Ensure you have the following files in ~/Documents/FromFirstPrinciples/articles/0013_cicd_part09_prometheus_grafana/:

sonarqube_dashboard.json (Maps to sonarqube-native.json)
artifactory_dashboard.json (Maps to artifactory.json)
gitlab_dashboard.json (Maps to gitlab.json)
jenkins_dashboard.json (Maps to jenkins.json)
mattermost_dashboard.json (Maps to mattermost.json)

Note: These files contain the thousands of lines of JSON definition required to draw the specific charts we verified in Chapter 6. You can download them from the repository accompanying this article series.

Once these files are staged, execute the provisioning script:

chmod +x 07-provision-dashboards.sh
./07-provision-dashboards.sh

What to Watch For:

You should see Downloading node-exporter-full... as it hits the internet.
You should see Injecting local 'sonarqube_dashboard.json'... as it detects your custom files.
The script should finish with ✅ All Dashboards Provisioned.

If you see ⚠️ WARNING: ... not found, it means you forgot to save the JSON file in the same folder as the script.

With the provisioning complete, the visualization layer is essentially "pre-loaded" on the host disk.
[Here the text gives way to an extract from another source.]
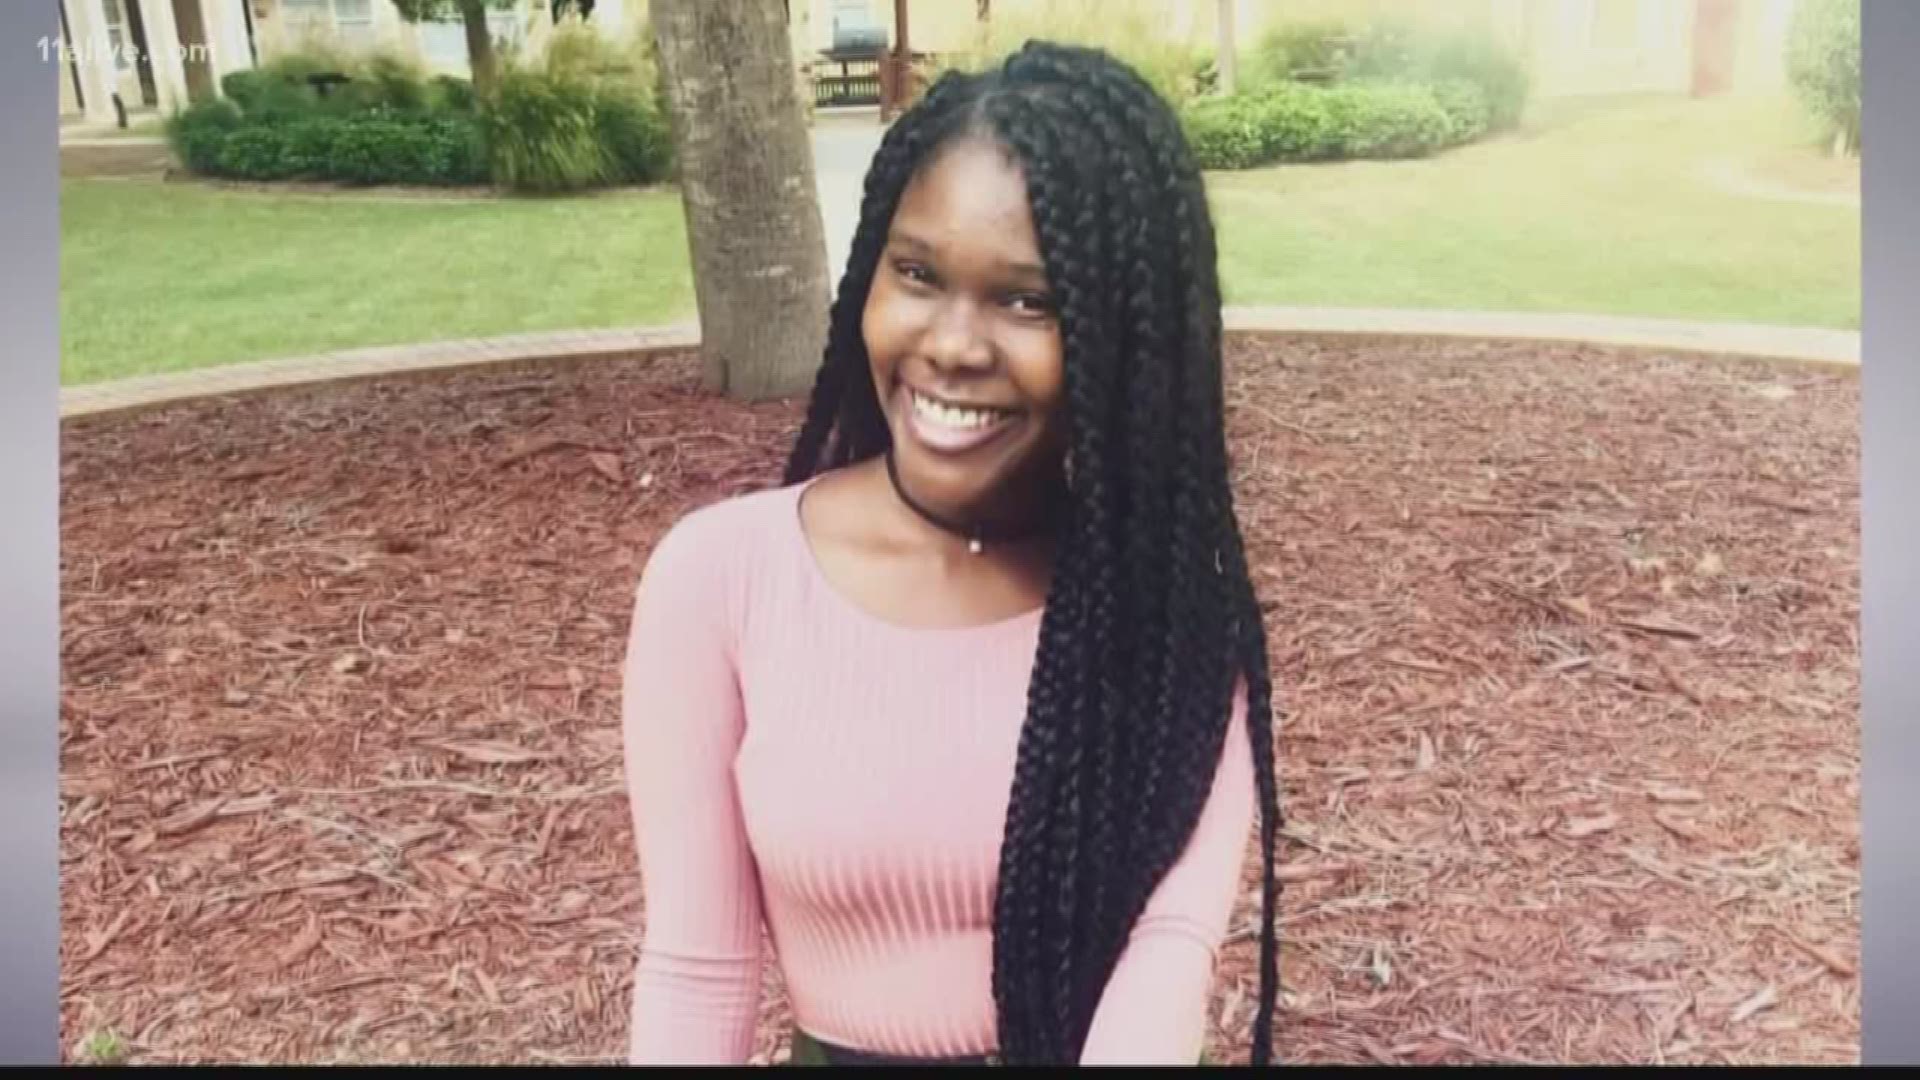 The funds will be used for funeral expenses after the Clark Atlanta University student was killed
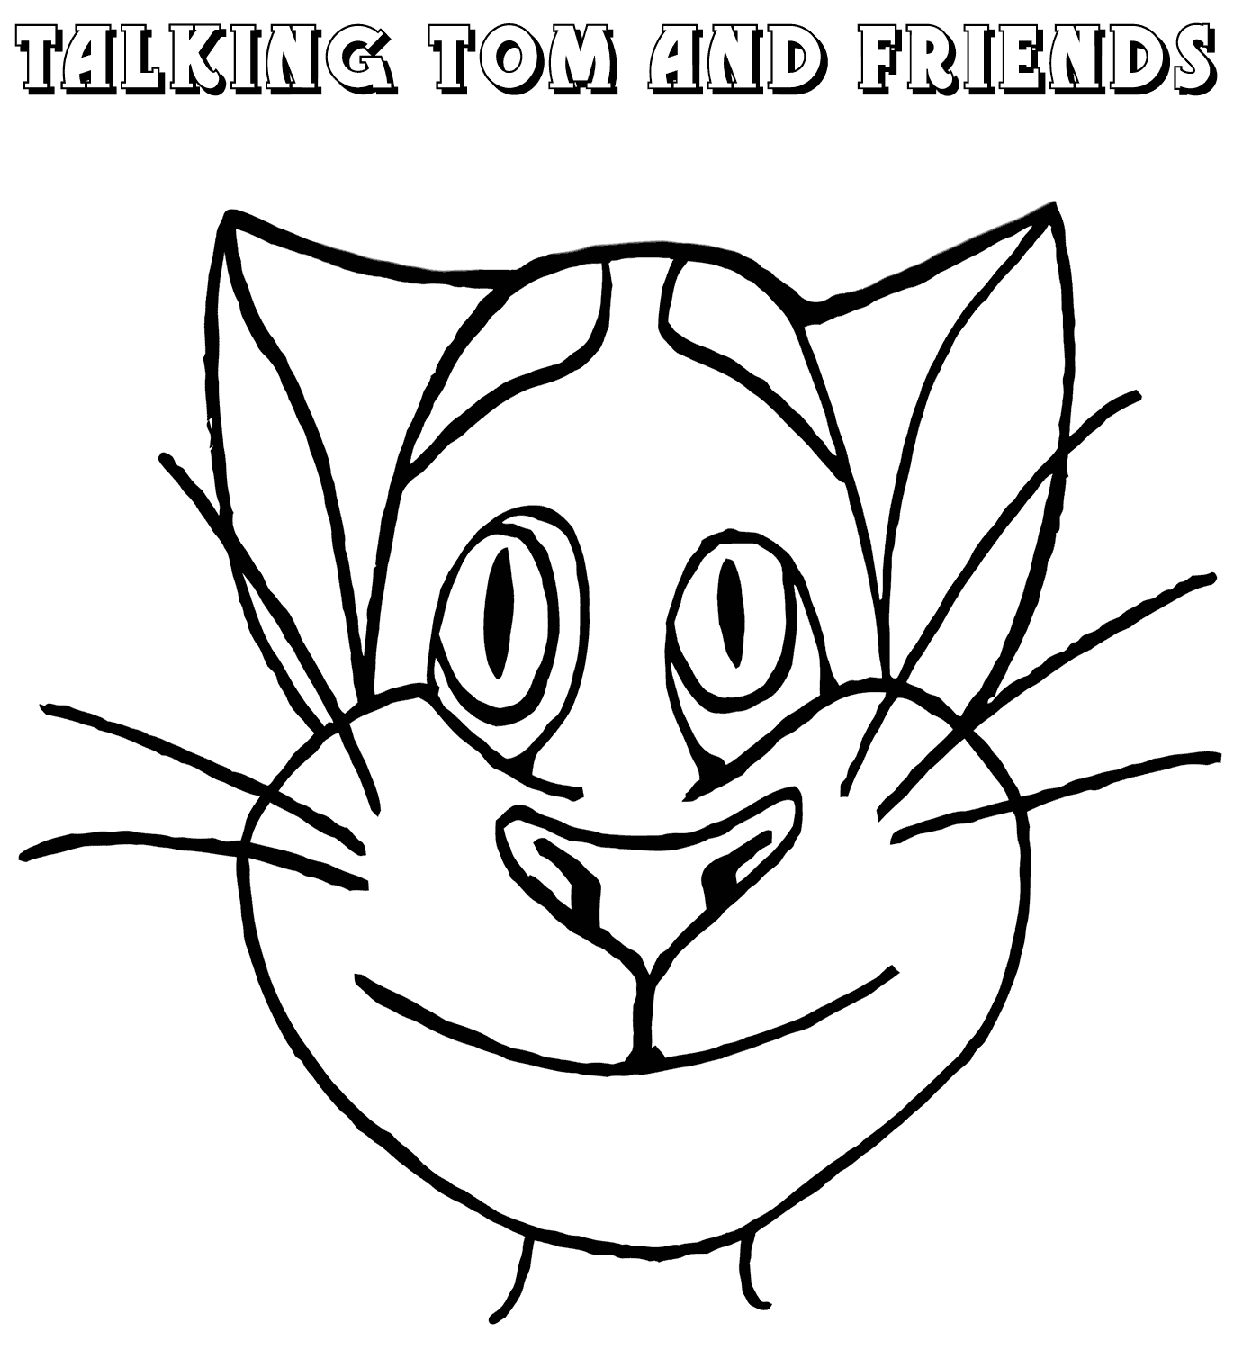 Hank The Talking Dog Coloring Page - Free Printable Coloring Pages for Kids

All that remains is to launch the Grafana container and let it mount these configurations. We will do this in the next chapter.

Chapter 9: The Face (Part 2) – Launching Grafana

9.1 The Visualization Layer

We have successfully built the "Brain" of our city. Prometheus is alive, scraping metrics every 15 seconds, and storing them in its time-series database. However, a brain without a face is difficult to interact with. While Prometheus does have a built-in web interface, it is designed for debugging queries, not for operational visibility. It gives you raw data, not insights.

To solve this, we introduce Grafana.

Grafana is the "Face" of our infrastructure. It connects to the Prometheus database, retrieves the raw time-series data, and transforms it into rich, interactive visualizations—graphs, gauges, heatmaps, and tables. If Prometheus tells you what happened at a specific microsecond, Grafana tells you why it matters by visualizing the trend over time.

The Shift to Statelessness

In many tutorials, Grafana is deployed as a "Pet." It uses an embedded SQLite database stored in a Docker volume. If you want to back up your users or sessions, you have to back up that specific file. If the volume corrupts, you lose your accounts.

We are building a Production-Grade City, so we will take a more robust approach. We will treat the Grafana container as Stateless.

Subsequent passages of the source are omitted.